● DIRECTIONS FOR THIS TASK
Without including any images, please transcribe all the lines below exactly.

● THE DATA

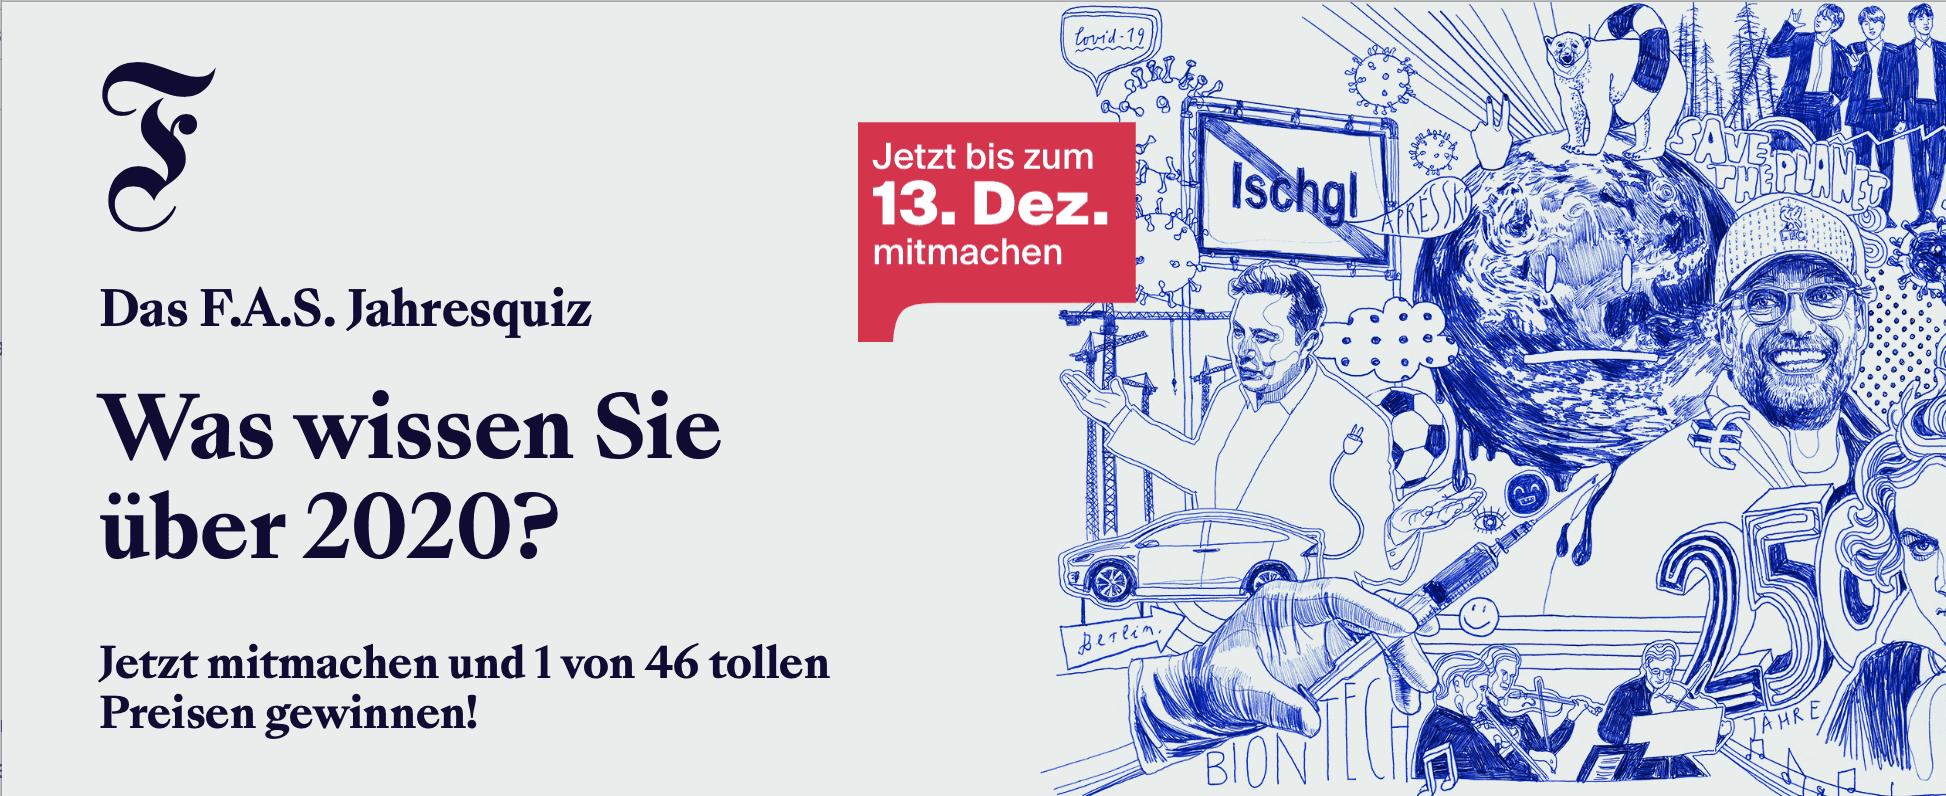 F.A.S. Jahresquiz 2020 Gewinnspiel-Case Verlage
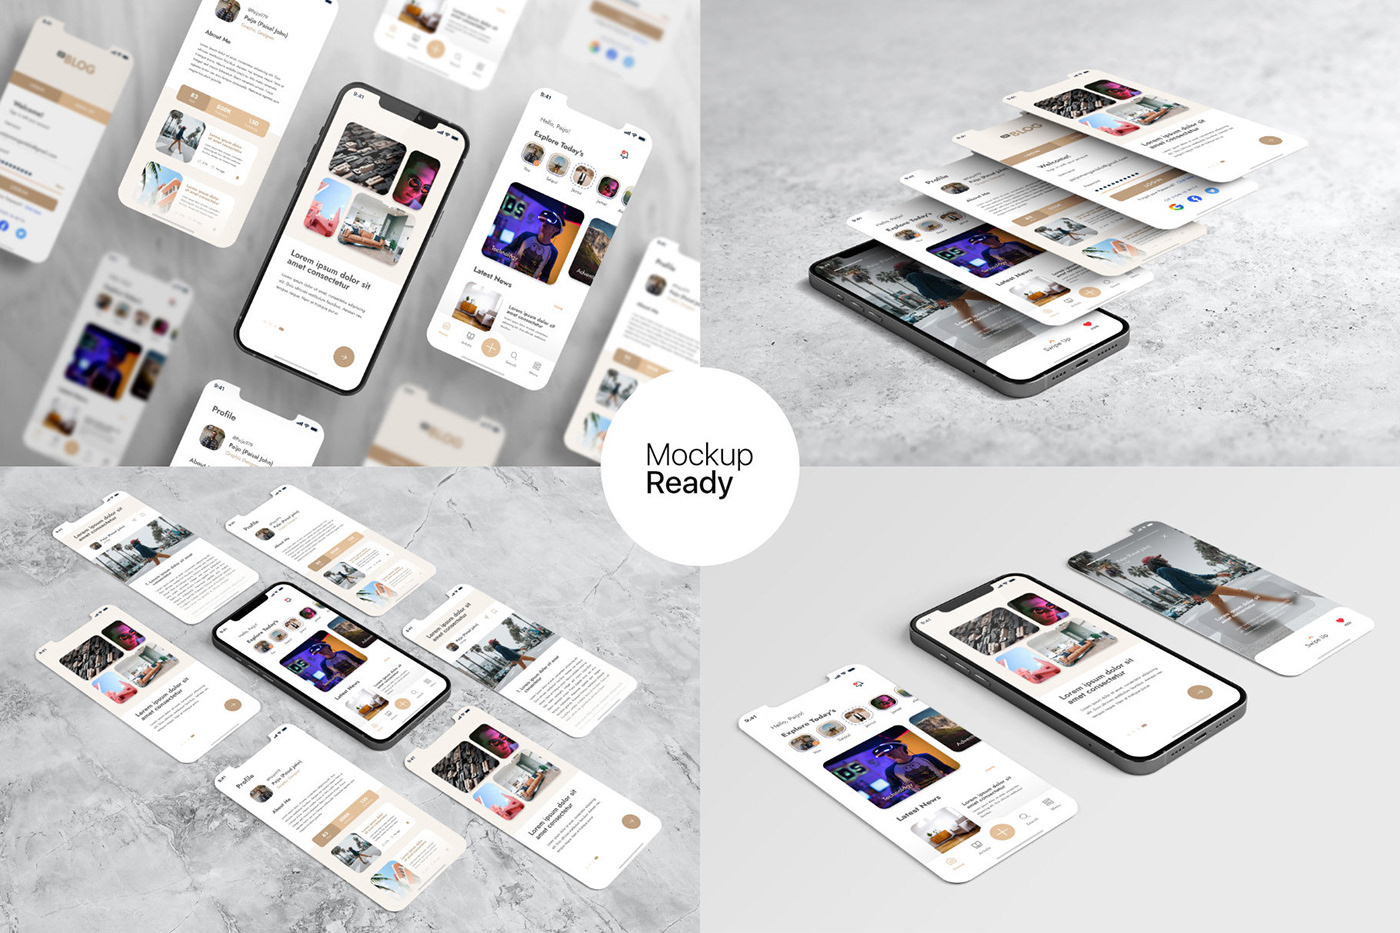 15个自适应网页APP界面设计苹果设备屏幕演示样机模板 UI/UX App Presentation – Phone & Notebook Mockup插图8
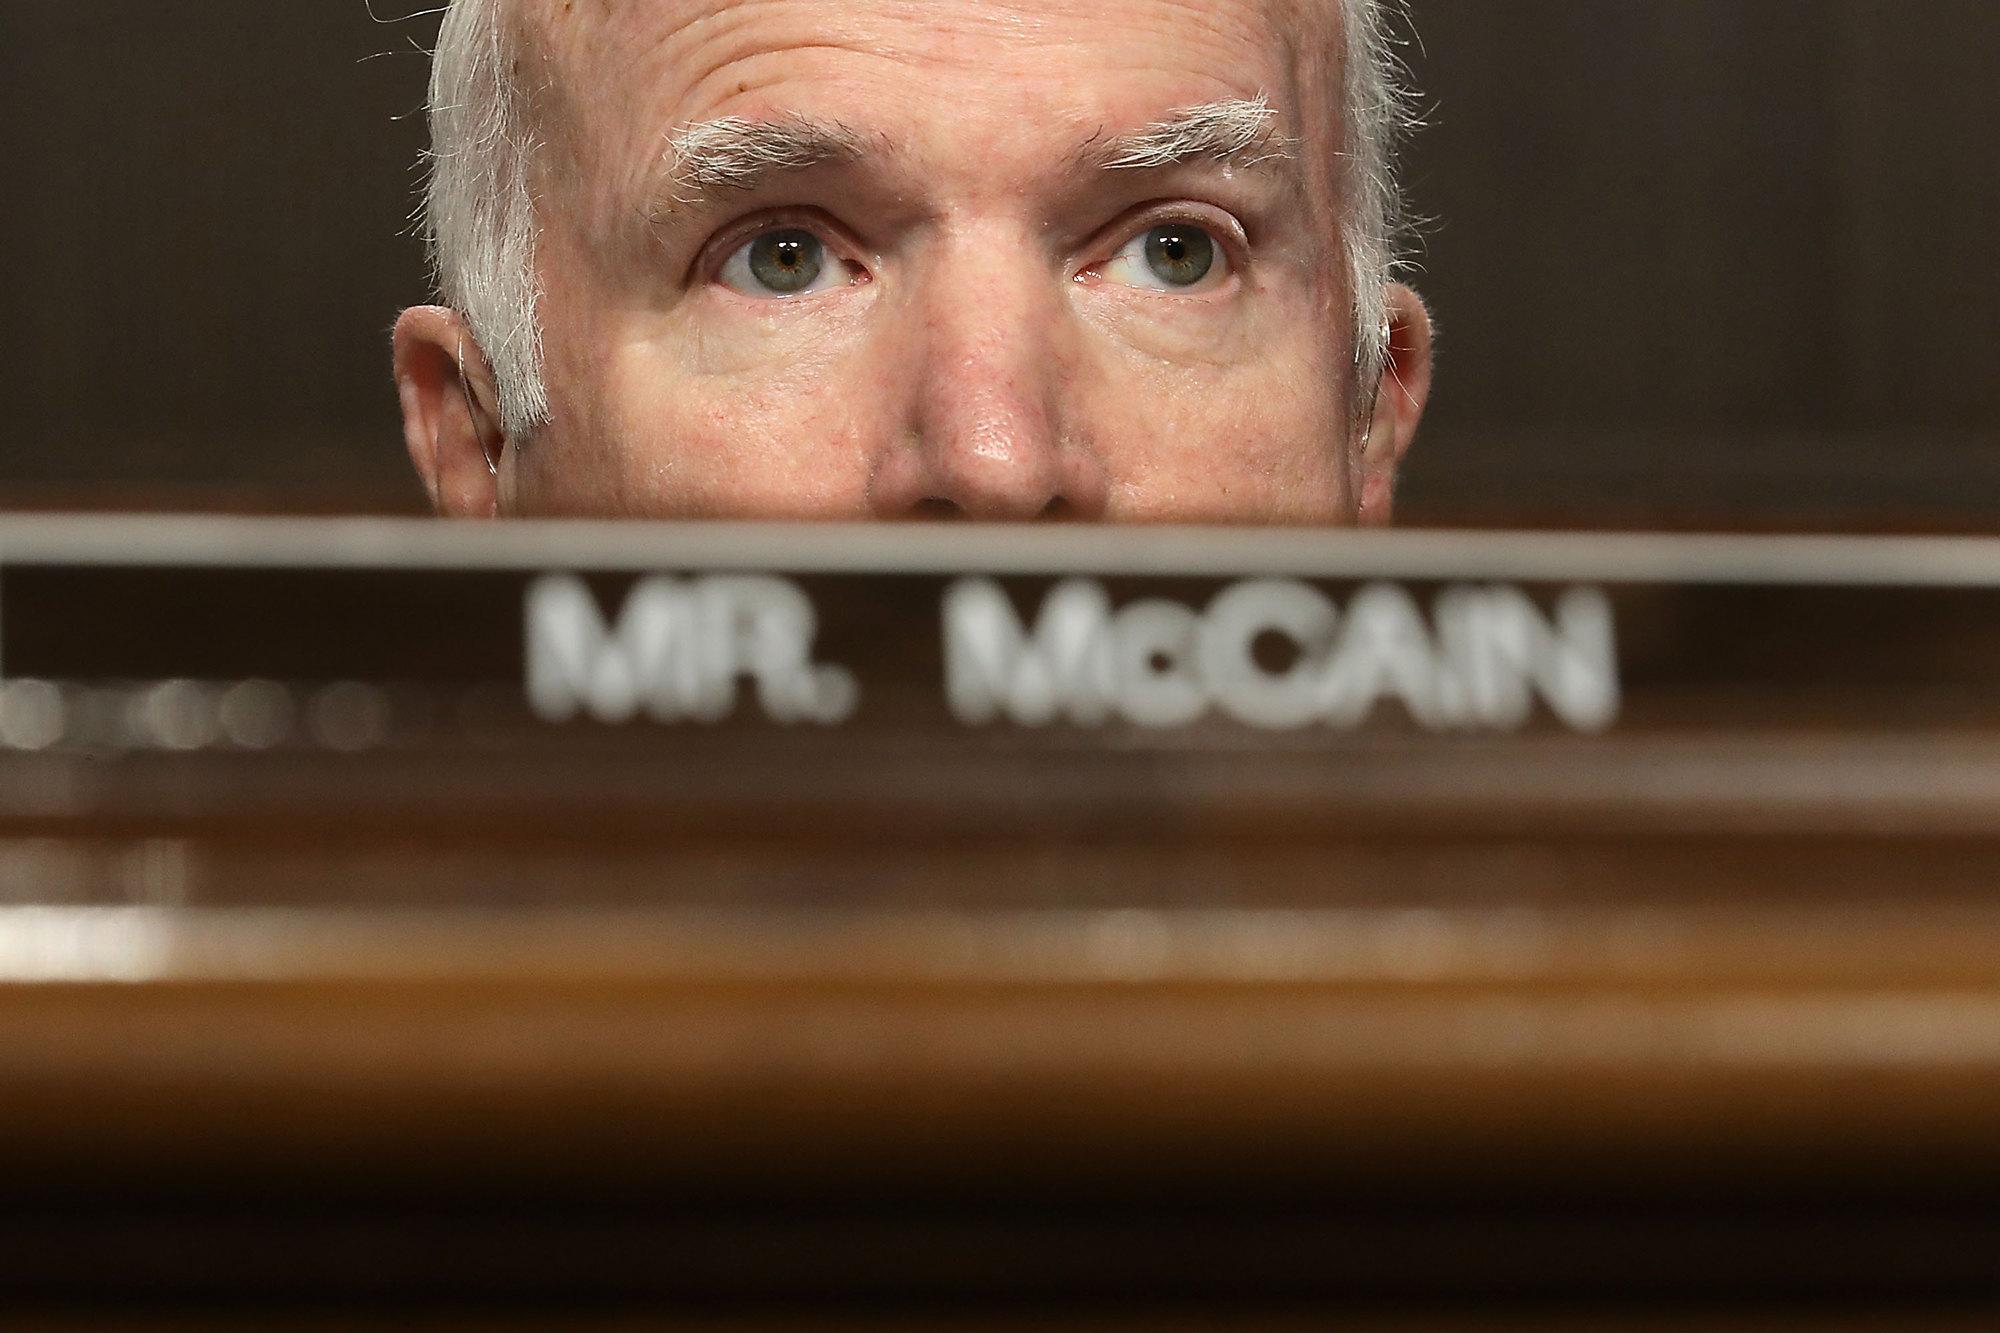 Председатель комитета поВооруженным силам Джон Маккейн проводит слушания повопросу утверждения вдолжности министра армии США, ноябрь 2017 г.
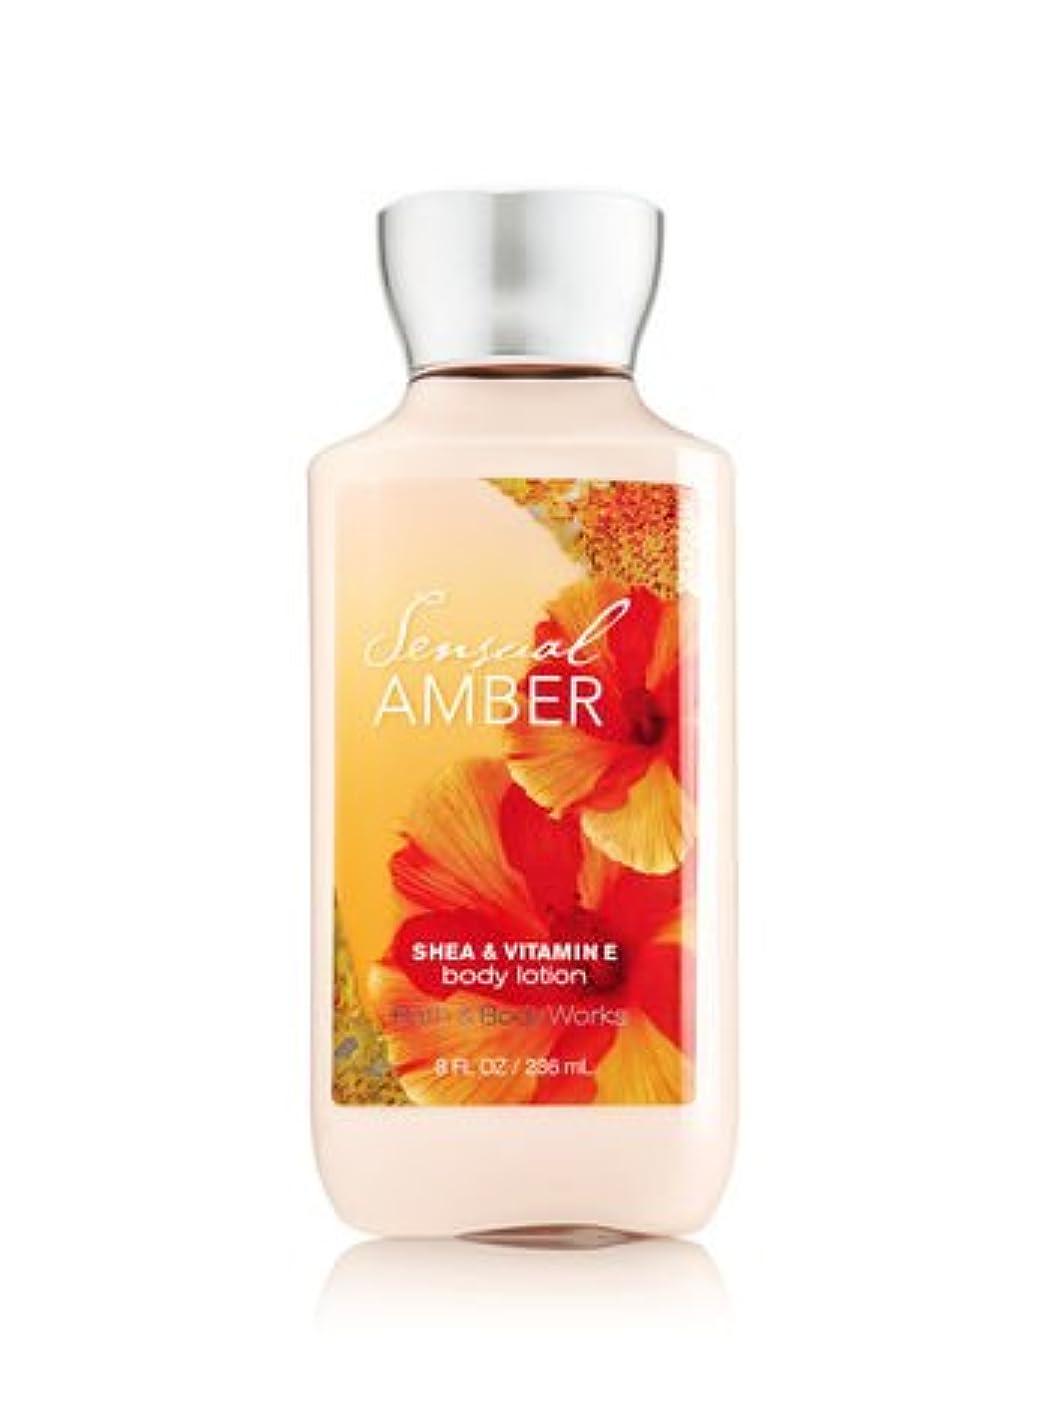 開業医減衰独裁【Bath&Body Works/バス&ボディワークス】 ボディローション センシュアルアンバー Body Lotion Sensual Amber 8 fl oz / 236 mL [並行輸入品]

● RESPONSE BELOW
 F.A.S. Jahresquiz 2020 Gewinnspiel-Case Verlage
 15个自适应网页APP界面设计苹果设备屏幕演示样机模板 UI/UX App Presentation – Phone & Notebook Mockup插图8
 Председатель комитета поВооруженным силам Джон Маккейн проводит слушания повопросу утверждения вдолжности министра армии США, ноябрь 2017 г.
 開業医減衰独裁【Bath&Body Works/バス&ボディワークス】 ボディローション センシュアルアンバー Body Lotion Sensual Amber 8 fl oz / 236 mL [並行輸入品]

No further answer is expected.